В этот совет входили владельцы лодок. Лодка-то была отнюдь не у каждого, так что в состав экипажа каждого такого плавсредства входили еще несколько жителей, как правило члены семейства владельца, но и не только. Так, например, тот же Дауд бен-Шлиегу лодки не имел, а потому и в совет общины попасть шансов у него не было.

Дауд ушел из дома еще подростком, когда умер отец, а мать взял к себе один из местных, сразу невзлюбивший ершистого пацана. Вот и ушел Дауд, и скитался, пока не подрос достаточно, чтобы его взяли в солдаты. А недавно он вернулся, и, судя по тому, что пришел он в казенном обмундировании и с мечом, ушел он, не дожидаясь, пока его демобилизуют по хорошему, а сам. Дезертировал, одним словом. И пришел он сюда, откуда ушел когда-то, а куда ему еще идти-то было? Некуда.

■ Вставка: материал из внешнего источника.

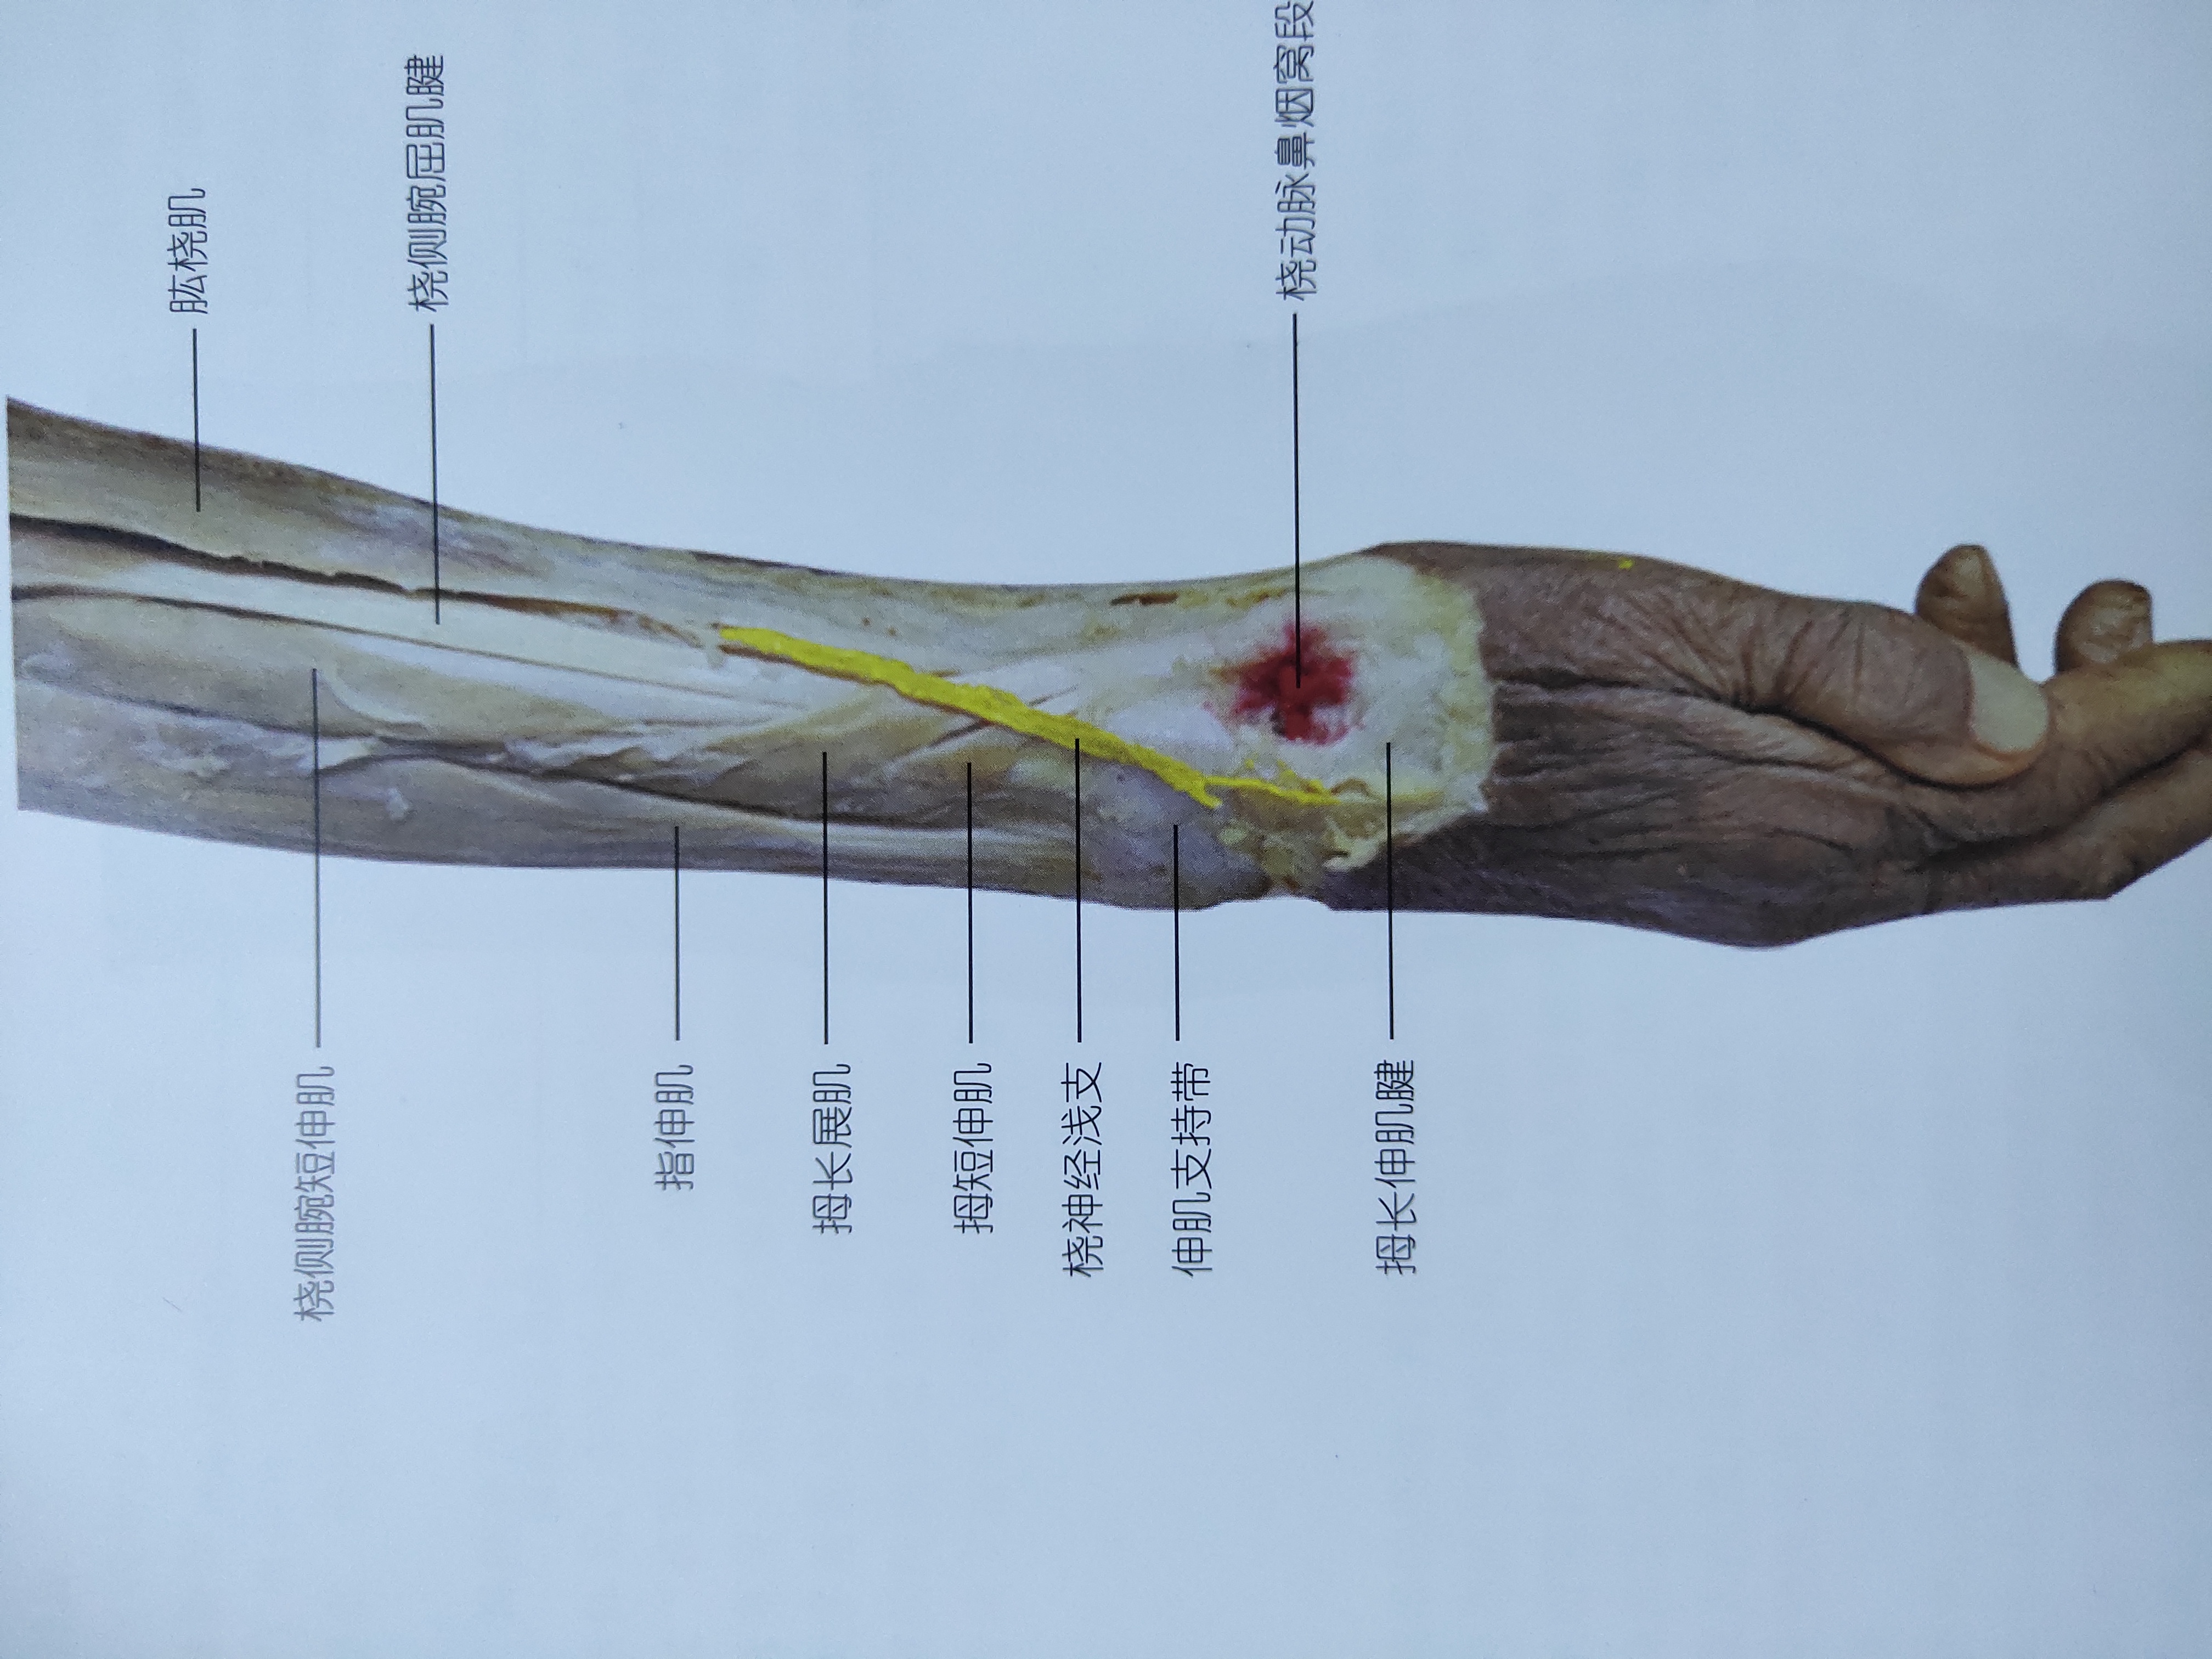 尺骨桡骨解剖图茎突图片

И был Дауд молод, здоров, силен и опытен, но шансов стать полноправным членом общины не имел никаких. Дом, в котором он родился, снесли. Несостоявшийся отчим продал свой баркас, дом и имущество и свалил куда-то, оставив мать на улице. Она пожила еще какое-то время, питаясь подаянием, да так и померла, пока Дауд оттачивал искусство владения мечом в мелких стычках. Так что и он жил пока в чужих домах, у тех хозяев, что брали его на работу. Вот только брали его неохотно, все же рыбаком-то он так и не стал. И уже совсем было решил Дауд опять уходить – уходить хоть куда, да хоть в разбойники. Все лучше, чем тут, жить из милости, да терпеть насмешки.

И тут, вдруг, нате вам!..

***

– Ну, чего застыли? – Обратился Дауд к тем, кто был в зале. – Все теперь. Теперь это будет наш змей. Наш Крылатый Змей! – Повторил он громко и отчетливо, выделяя каждое слово.

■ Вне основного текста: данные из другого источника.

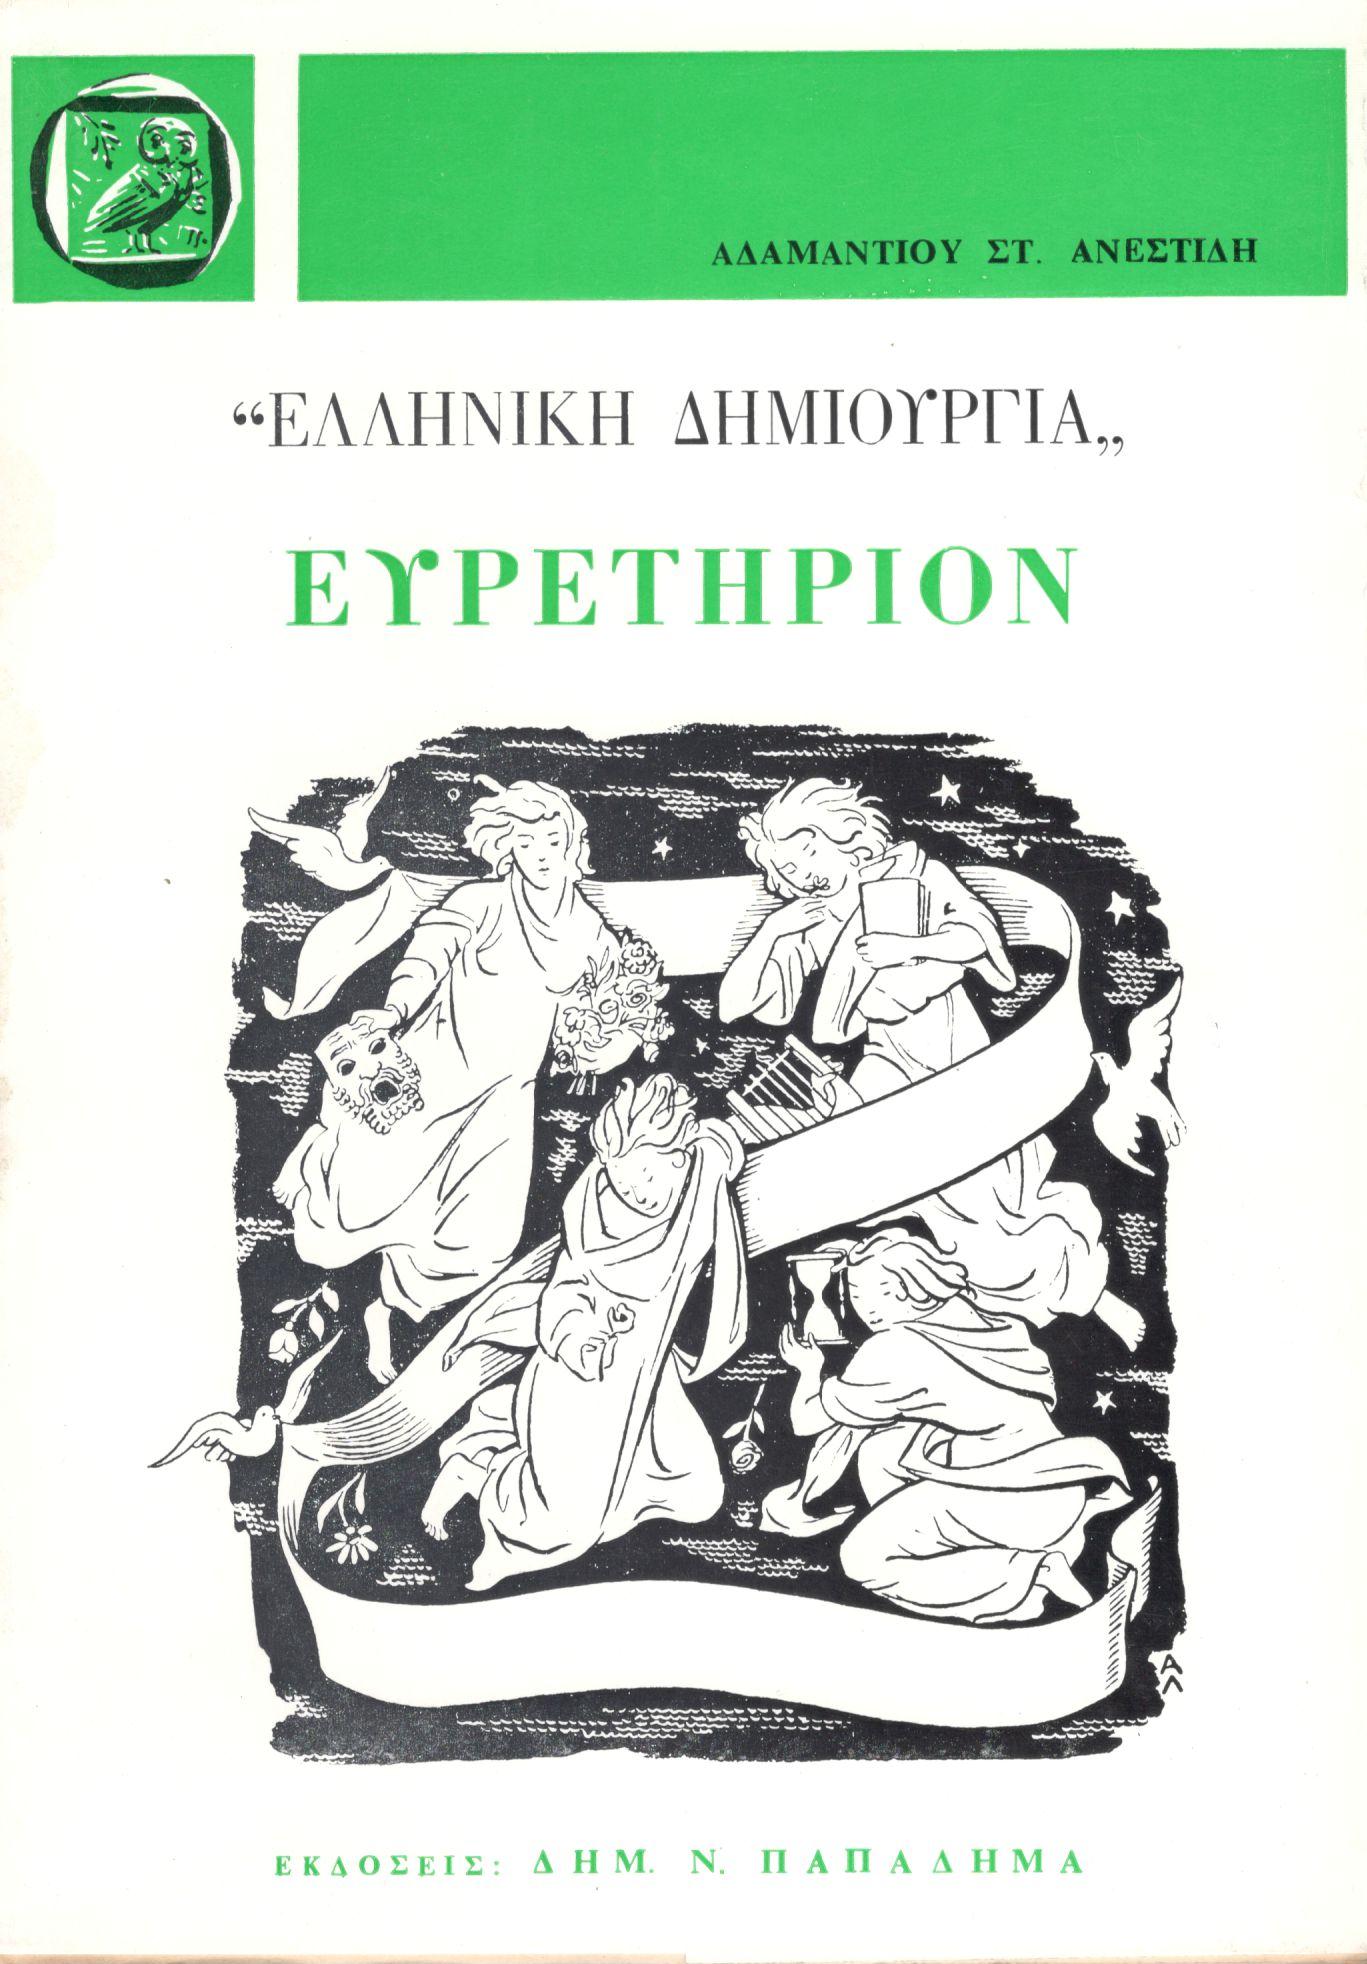 Ευρετήριον περιοδικού Ελληνική Δημιουργία

– Он будет защищать нас от других. Но его надо будет кормить. Кормить каждый день. Но это лучше, чем если эти твари будут караулить нас и не давать носа высунуть. Тогда-то точно все передохнем, просто с голоду.

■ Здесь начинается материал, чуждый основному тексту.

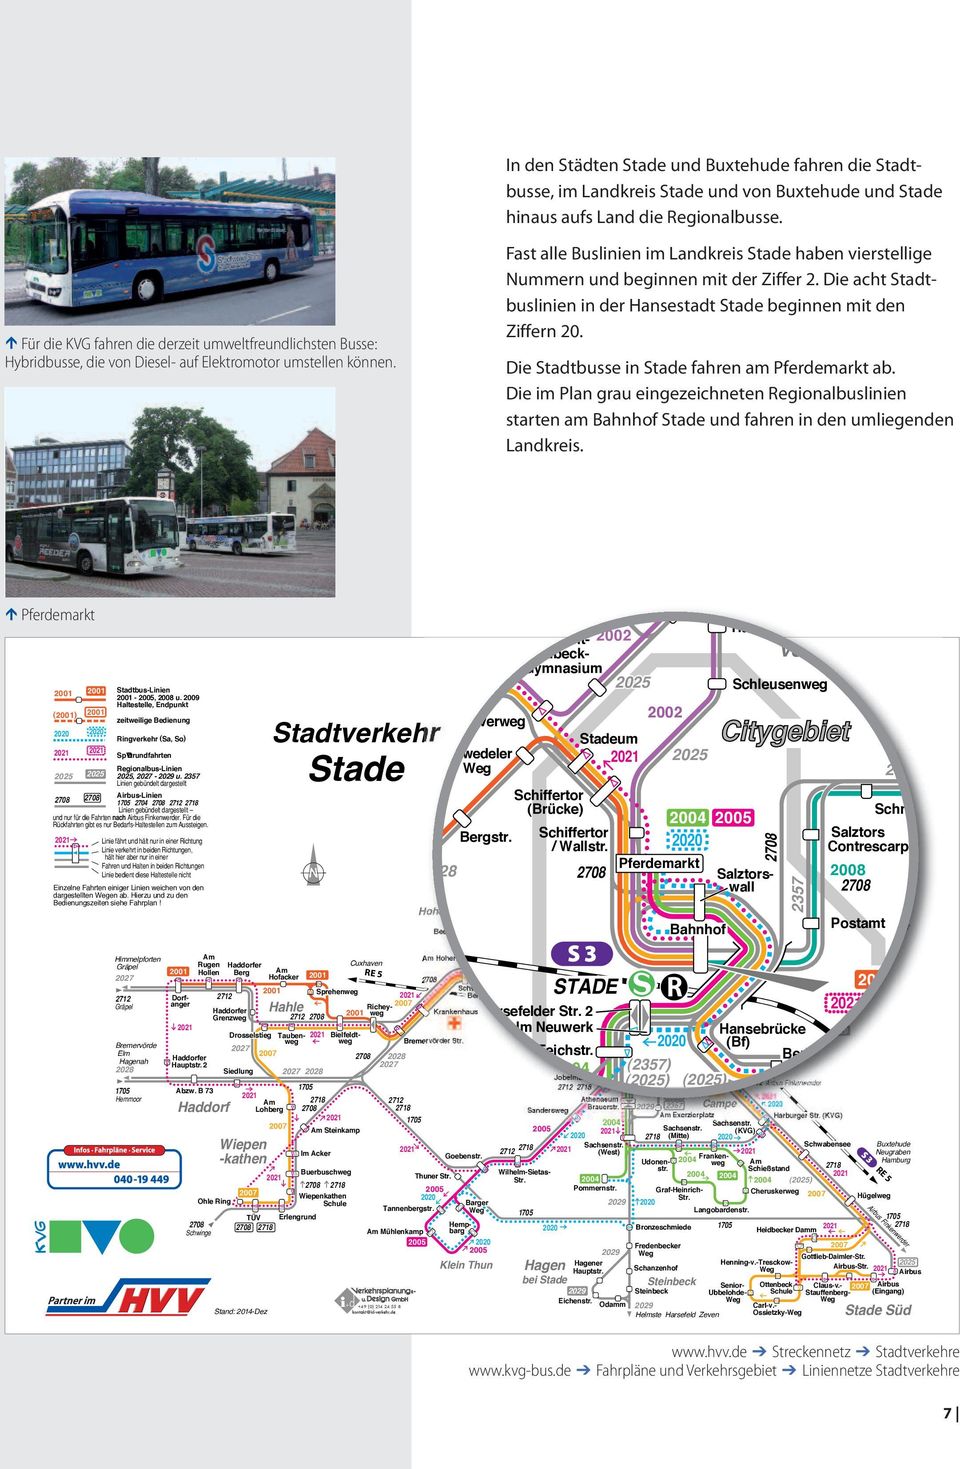 Fast alle Buslinien im Landkreis haben vierstellige Nummern und beginnen mit der Ziffer 2. Die acht Stadtbuslinien in der Hansestadt beginnen mit den Ziffern 20.

– А где же мы ему еды-то столько напасемся? – Раздался чей-то голос из глубины зала. – Рыбой-то он, поди, не питается. Вишь ты, мяса ему подавай, понял?..

– Ну, хочешь, давай тебя скормим. – Среагировал Дауд. Сказав эти страшные слова он улыбнулся, демонстрируя собравшимся, что это была шутка. – А вообще – вопрос серьезный. Я потому и сказал, что все должно стать общим, что свое отдавать жалко, а общее – не очень. Но и общего надолго не хватит. Значит, если мы не хотим подохнуть сами, придется отнять у кого-то.

– Как же… – охнул кто-то.

– А вот так! Теперь как на войне, или ты, или тебя. И жалости ни к кому никакой быть не должно. Пойдем и отнимем. А кто не пойдет, того первого Змею нашему скормим.

Он помолчал, а потом неожиданно рявкнул таким голосом, как рявкали в бою командиры:

– Кто жить не хочет?!

Тишина была ему ответом.

– Вот то-то, – сказал он уже тише, – нет таких.

***

Черт их дернул идти вдоль берега. Но решение было коллегиальным, так что винить в этом было некого. Да, в общем-то, в этом решении была логика. У моря должны же жить люди – рыбаки там, моряки…

С корабля на берег вытащили много. Теперь, глядя на эту гору, было ясно, что упереть все это на себе они не смогут. Но и бросать что-то было жалко. Что ни возьми, все могло пригодиться. Особенно еда, особенно вода. А те же инструменты? Как строить карьеру тому же Халебу среди людей, если у него не будет хотя бы минимального их набора? А и самый минимум, даже после тщательного отбора, тянул на несколько пудов. А что вы хотите – они же железные, а железо – оно тяжелое. Ну, одежда. Те же паруса, наконец. В общем – бросить жалко, а тащить…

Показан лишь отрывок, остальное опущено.